Tuesday, September 10, 2013

2010 Workman DC Comics Super Heroes and Villains Fandex Martian Manhunter card


Three years ago, Workman Publishing put out a novelty die-cut fanned reference pocket book for DC heroes. I ran the published advertisement for it, with plans to purchase it, but then was turned off when I saw the finished product. Our buddy The Irredeemable Shag sent me some scans for the blog, but for a while there it seemed like everybody and there mother was posting them, and mobs have never been my scene. So, I've been sitting on these all this time, but hey, it's year six, so let's get it in gear.

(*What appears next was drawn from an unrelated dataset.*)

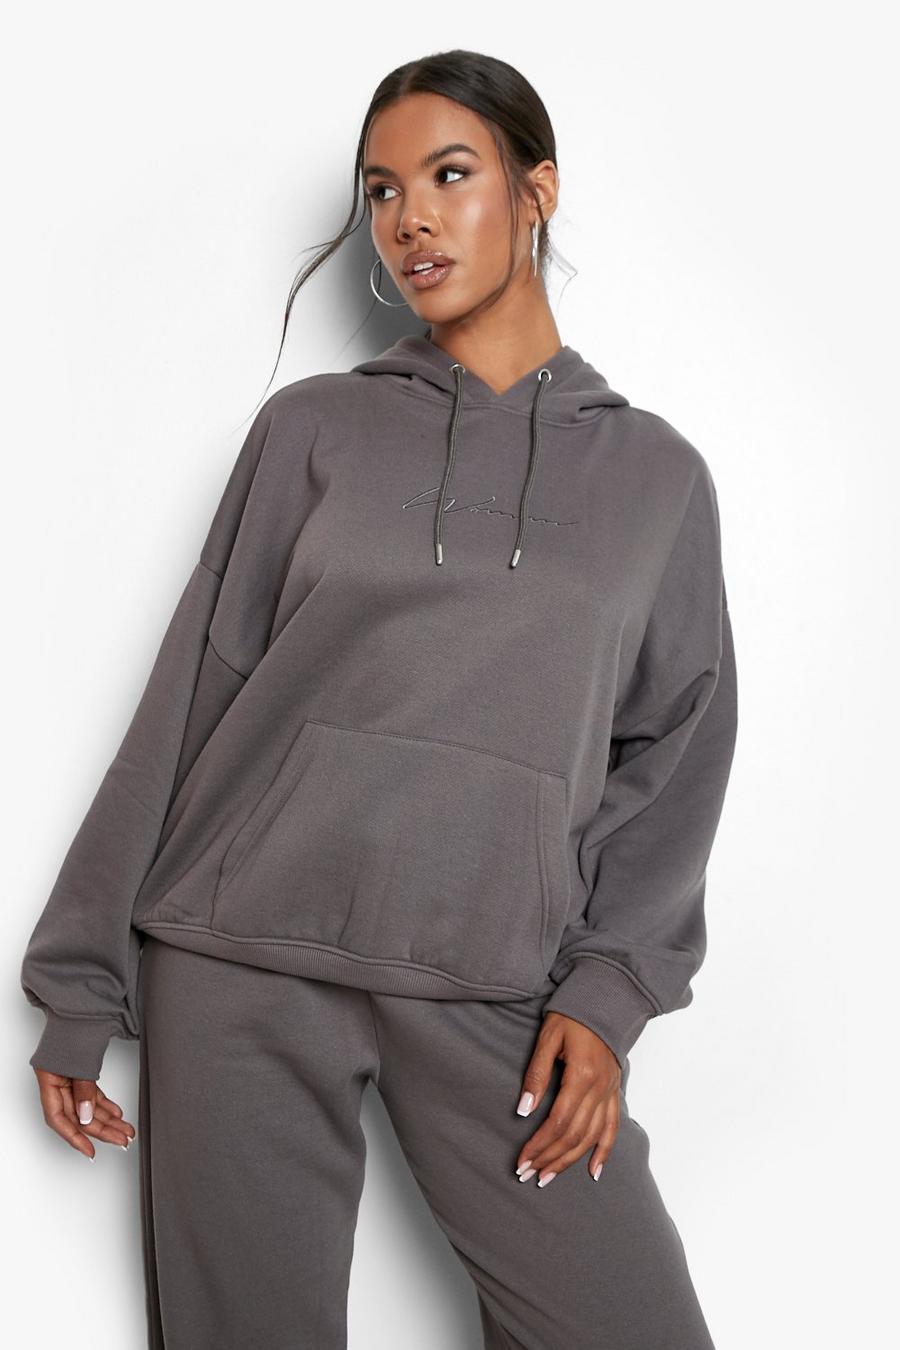 Charcoal grey Recycled Woman Embroidered Hoodie

The image above is by Tom Mandrake, from the cover to Martian Manhunter #9. It was followed by a bunch of common, boring census data, but I liked a couple of bots:
WEAKNESS: PSYCHIC PYROPHOBIA (A PSYCHOSOMATIC PEAR OF FIRE THAT CAUSES HIM TO LOSE POWERS AND CONTROL OVER HIS BIOMORPHIC FORM)

AFFILIATIONS: JUSTICE LEA0UE OF AMERICA; THE OUTSIDERS
Boy, that sure went out of date fast. I do like "psychic pyrophobia," though. Then the biographical text kicked in, and it was such a nice summation of the John Ostrander series, I'm running most of it here.


Believe it or not, there was once life on Mars, or Ma'aleca'andra, as its native inhabitants called it. For centuries, J'onn J'onzz was a venerated Manhunter, a peacekeeper not unlike police officers on Earth. He was happily married to M'yri'ah, and the two had a daughter named K'hym. The family lived in a modest home beneath the windswept Martian plains. But his domestic idyll was not meant to be. J'onn's twin brother, Ma'alefa'ak, loathed everything about Martian culture. He engineered H'ronmeer's Curse, a contagious psychic virus that responded to the species' innate fear of fire, producing psychosomatic stress so intense they literally burst into flames. The virus wiped out the planet's entire civilization, including J'onn's family.

Forced to watch in horror as his wife and daughter burned to death, J'onn flirted with madness until he was accidentally brought to the Earth of 1955 by Dr. Saul Erdel, via an experimental transportation beam...
Boilerplate runs from there, though I did enjoy the reference to his time as the Bronze Wraith in 1960s Gotham City alongside the Justice Experience. I suppose the New 52 has removed the need for Cameron Chase to have not been born back then so that she wouldn't be pushing fifty today. Anyhow, that gives way to a concise nod to his founding the Justice League of America before offering a testimonial.

A man of great character and wisdom, he is the heart and soul of the team, and the only one to whom Batman will defer.
As a coda, there's a comic book style caption that recounts the plot to Martian Manhunter #24, though they missed the coda within it that rendered the whole thing apocryphal.